However, Fan fails to teach clustering the collected lip shape images based on the lip-shape key point information; and selecting one lip shape image and the lip-shape key point information corresponding to the lip shape image from each cluster to construct the lip shape library, and clustering is based on the distances between the lip-shape key points such that the images with similar distances between the lip-shape key points are clustered into one cluster, and the shapes of the lips in one cluster are similar.
However, Aoyama teaches clustering the collected lip shape images based on the lip-shape key point information (see Aoyama,[0059], [0066-0067], [0107] The lip area detecting unit 23 detects a lip area , and outputs position information of the lip area of each frame to the lip image generating unit 24 together with the utterance moving image for learning. The learning sample storing unit 29 stores a plurality of lip images with added viseme labels (hereinafter, referred to as lip images with viseme labels) as learning samples. More specifically, as shown in FIG. 4, the M number of learning samples (xi, yk) in a state that a class label yk (k=1, 2, . . . , K) corresponding to a viseme label is assigned to M pieces of lip image xi (i=1, 2, . . . , M); class label is interpreted as clustering the collected lip shape images); and selecting one lip shape image and the lip-shape key point information corresponding to the lip shape image from each cluster to construct the lip shape library (see Aoyama Fig. 3,  [0064-65][0107] teaches  converting phonemes to visemes which is interpreted as selecting one lip shape image and lip-shape key point (viseme) from the cluster) , and clustering is based on the distances between the lip-shape key points such that the images with similar distances between the lip-shape key points are clustered into one cluster, and the shapes of the lips in one cluster are similar (see Aoyama,[0059], [0066-0067], [0107] The lip area detecting unit 23 detects a lip area , and outputs position information of the lip area of each frame to the lip image generating unit 24 together with the utterance moving image for learning. The learning sample storing unit 29 stores a plurality of lip images with added viseme labels (hereinafter, referred to as lip images with viseme labels) as learning samples. More specifically, as shown in FIG. 4, the M number of learning samples (xi, yk) in a state that a class label yk (k=1, 2, . . . , K) corresponding to a viseme label is assigned to M pieces of lip image xi (i=1, 2, . . . , M); class label is interpreted as clustering the collected lip shape images, position information of lip area is interpreted as lip-shape key points and class label of same viseme is interpreted as shapes of lips in cluster are similar as shown in Aoyama Fig. 4).
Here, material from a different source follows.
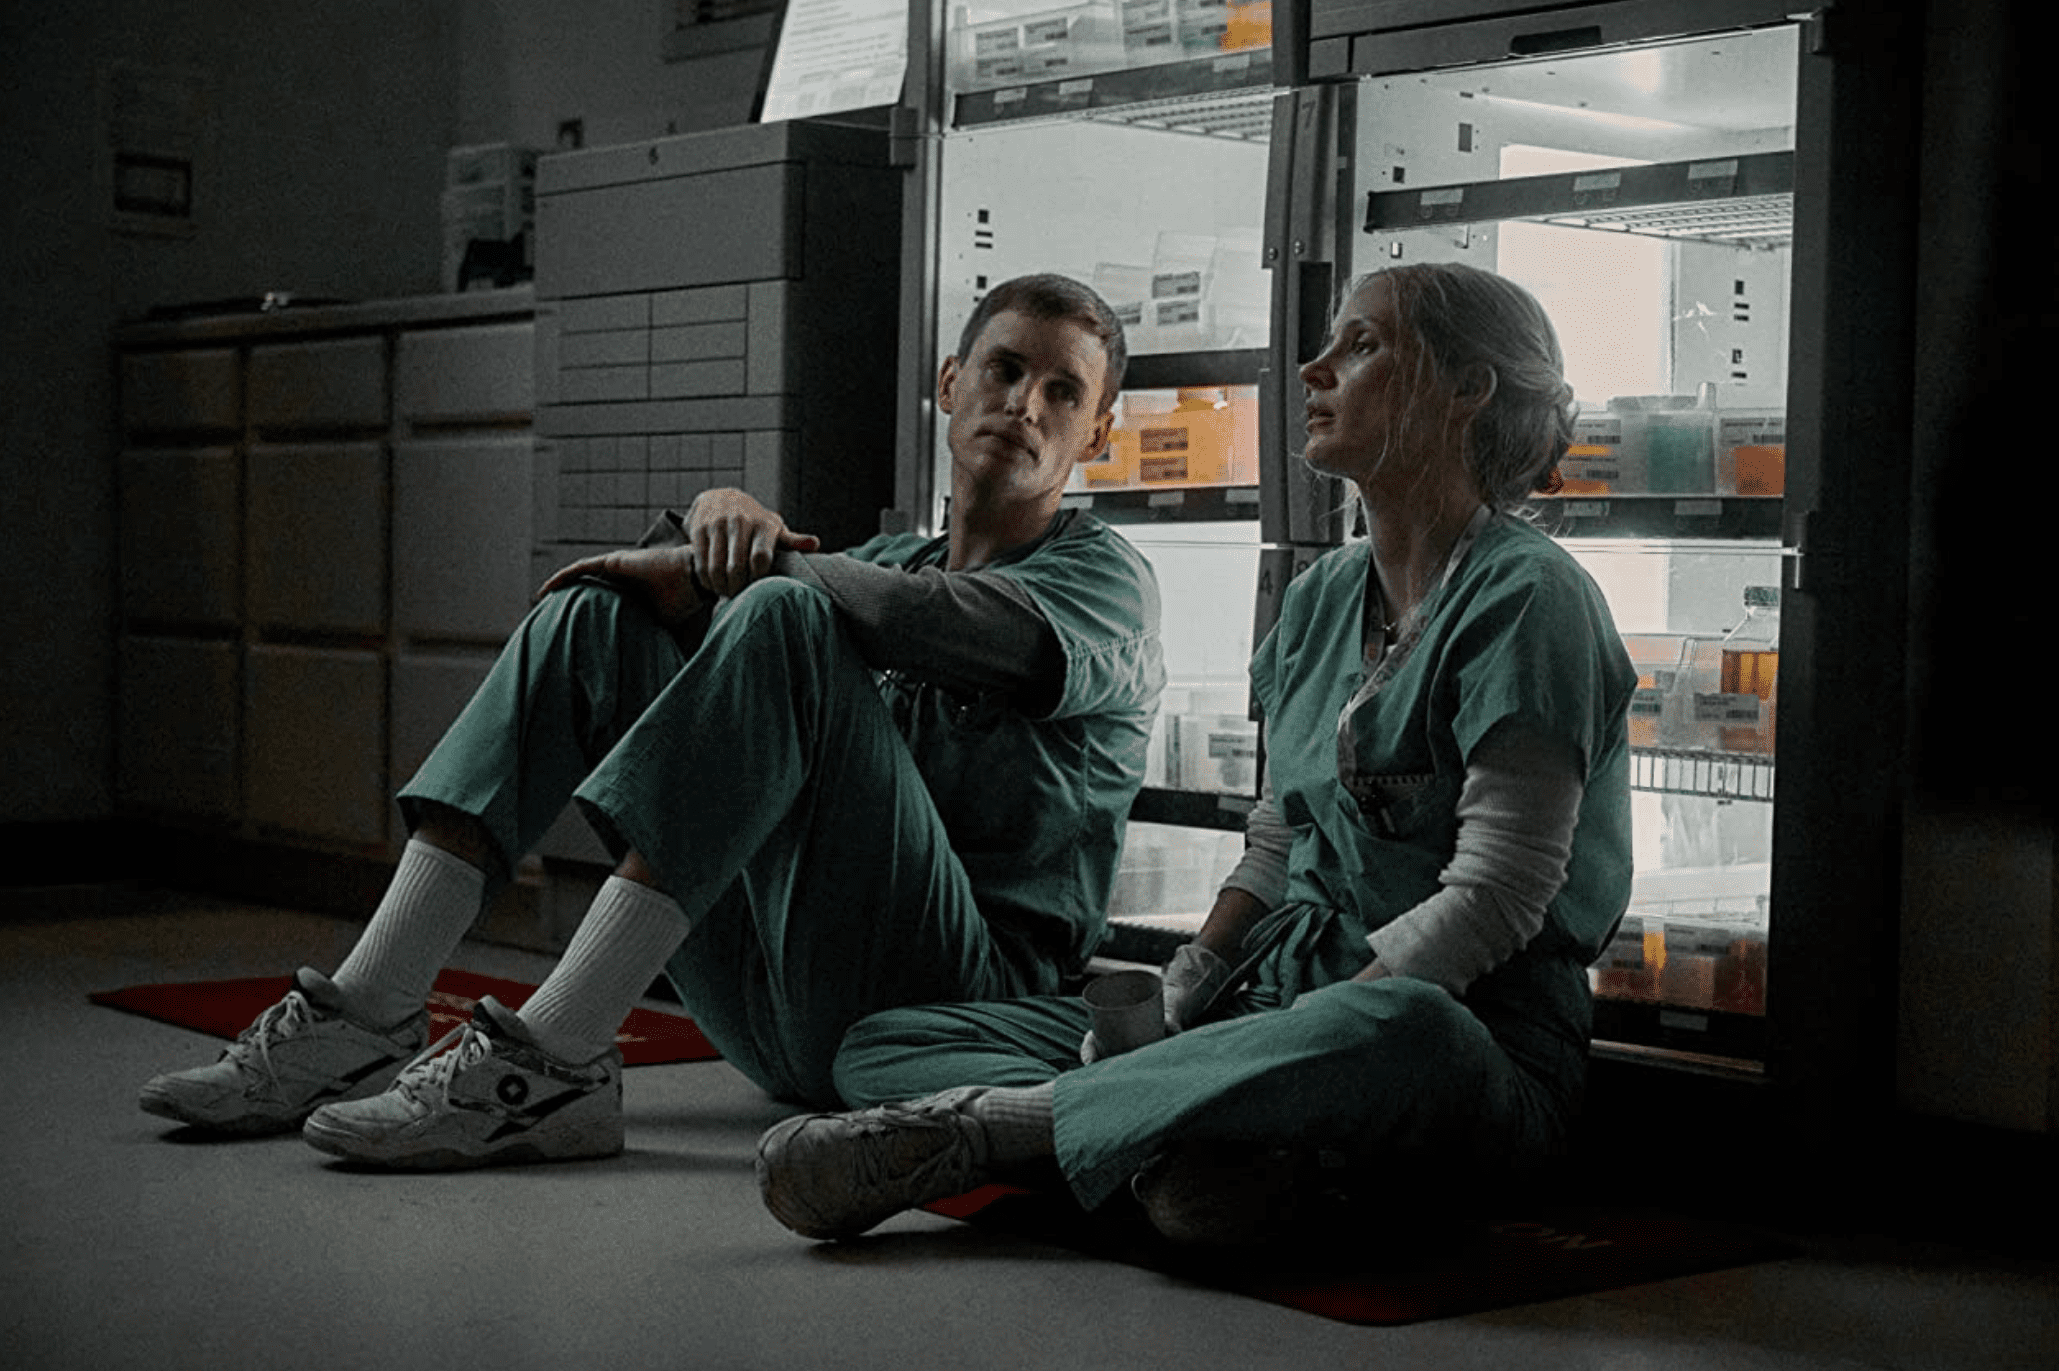 Charlie and Amy sit on the floor together in the medication storage room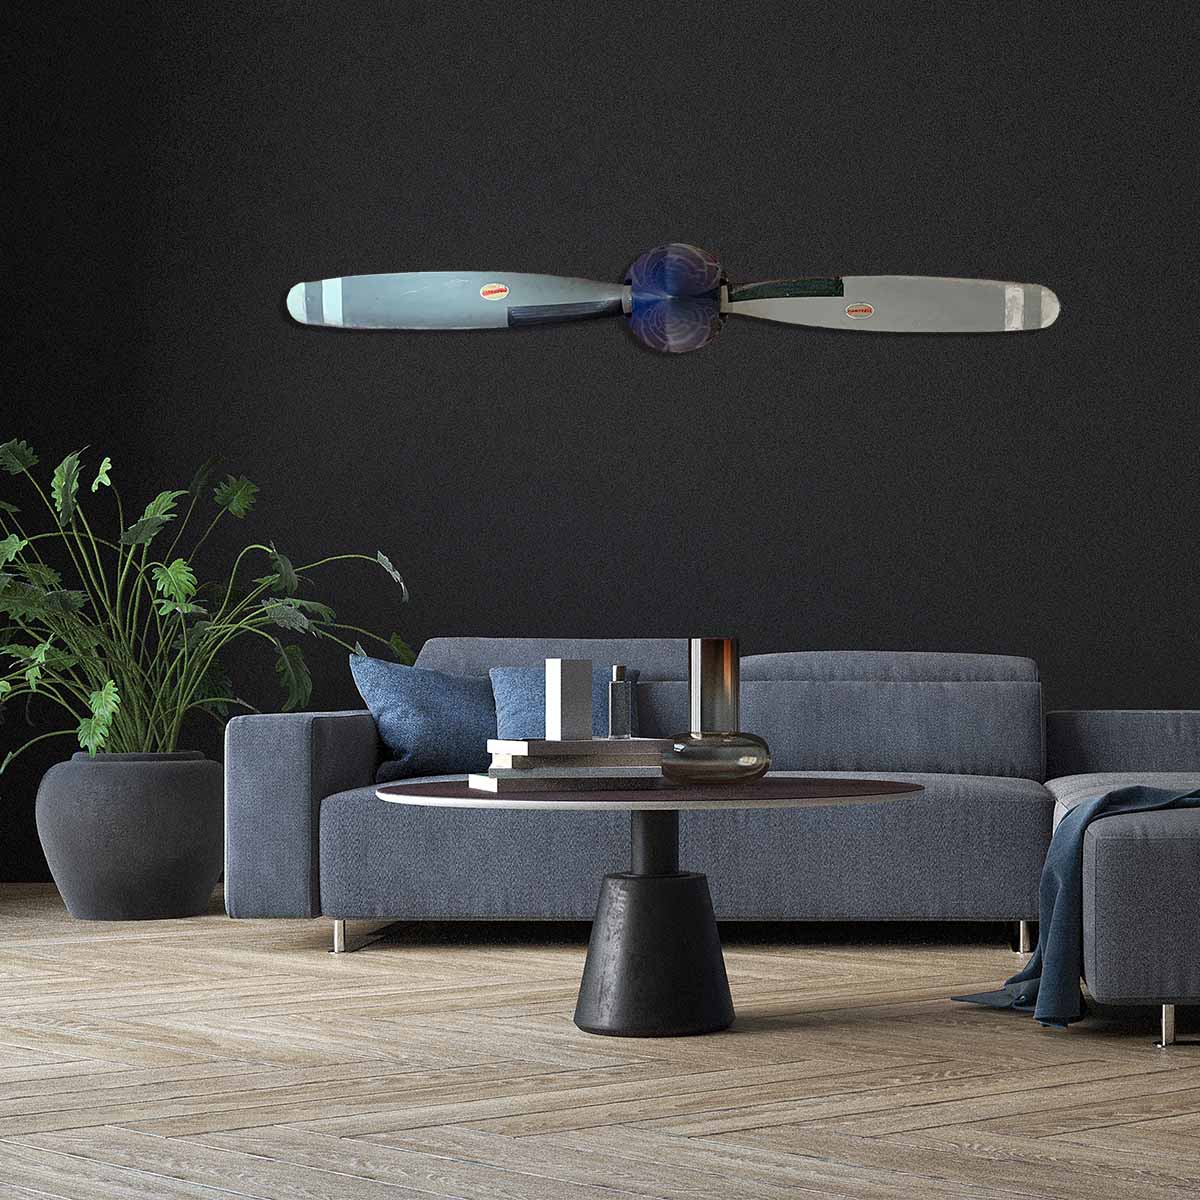 Two-bladed Hartzell propeller with spinner in original colours, mounted on a wall in a modern living room.

Fan and Aoyama are considered to be analogous to the claimed invention because they relate to audio visual modeling systems. Therefore, it would have been obvious to someone of ordinary skill in the art before the effective filing date of the claimed invention to have modified the teachings of  Fan on visual speech synthesis using DNNs with the Audio Visual Speech Recognition teachings of Aoyama to improve voice recognition technique under a noisy environment ( see Aoyama, [0008]).
Regarding claim 2, Fan teaches the method according to claim 1. Fan further teaches wherein the voice is voice data obtained by performing voice synthesis on a text ((see Fan, pg. 4885, sect. 2  In the synthesis stage, for any input text with natural or synthesized speech by text-to-speech (TTS)). Aoyama further teaches  or the voice is a voice segment obtained by splicing the voice data (see Aoyama, [0095] teaches the utterance voice for learning to the phoneme label assigning unit 25).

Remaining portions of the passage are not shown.